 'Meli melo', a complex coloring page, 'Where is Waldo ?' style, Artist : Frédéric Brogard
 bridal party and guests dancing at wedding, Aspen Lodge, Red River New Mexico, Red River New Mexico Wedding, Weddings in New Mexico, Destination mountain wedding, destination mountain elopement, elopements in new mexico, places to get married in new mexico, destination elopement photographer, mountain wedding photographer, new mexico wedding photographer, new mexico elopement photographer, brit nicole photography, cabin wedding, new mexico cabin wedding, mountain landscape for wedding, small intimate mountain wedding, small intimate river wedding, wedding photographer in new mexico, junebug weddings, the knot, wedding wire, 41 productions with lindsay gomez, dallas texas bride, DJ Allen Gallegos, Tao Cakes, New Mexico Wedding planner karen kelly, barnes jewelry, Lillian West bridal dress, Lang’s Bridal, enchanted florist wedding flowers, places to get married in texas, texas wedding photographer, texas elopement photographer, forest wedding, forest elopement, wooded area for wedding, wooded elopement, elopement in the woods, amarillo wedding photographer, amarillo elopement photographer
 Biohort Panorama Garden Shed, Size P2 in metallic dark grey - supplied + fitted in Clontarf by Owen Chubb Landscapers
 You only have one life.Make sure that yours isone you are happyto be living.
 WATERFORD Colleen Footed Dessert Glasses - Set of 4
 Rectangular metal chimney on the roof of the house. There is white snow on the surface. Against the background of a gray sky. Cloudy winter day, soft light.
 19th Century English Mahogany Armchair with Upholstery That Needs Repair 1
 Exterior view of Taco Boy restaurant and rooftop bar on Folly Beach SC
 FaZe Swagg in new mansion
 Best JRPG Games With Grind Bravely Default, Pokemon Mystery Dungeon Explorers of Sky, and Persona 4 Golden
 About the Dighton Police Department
----------------
ABOUT THIS TASK: Please copy the line that contains "You only have" and each line after it through the end of the records, exactly, and no other lines.

TASK RESPONSE:
 You only have one life.Make sure that yours isone you are happyto be living.
 WATERFORD Colleen Footed Dessert Glasses - Set of 4
 Rectangular metal chimney on the roof of the house. There is white snow on the surface. Against the background of a gray sky. Cloudy winter day, soft light.
 19th Century English Mahogany Armchair with Upholstery That Needs Repair 1
 Exterior view of Taco Boy restaurant and rooftop bar on Folly Beach SC
 FaZe Swagg in new mansion
 Best JRPG Games With Grind Bravely Default, Pokemon Mystery Dungeon Explorers of Sky, and Persona 4 Golden
 About the Dighton Police Department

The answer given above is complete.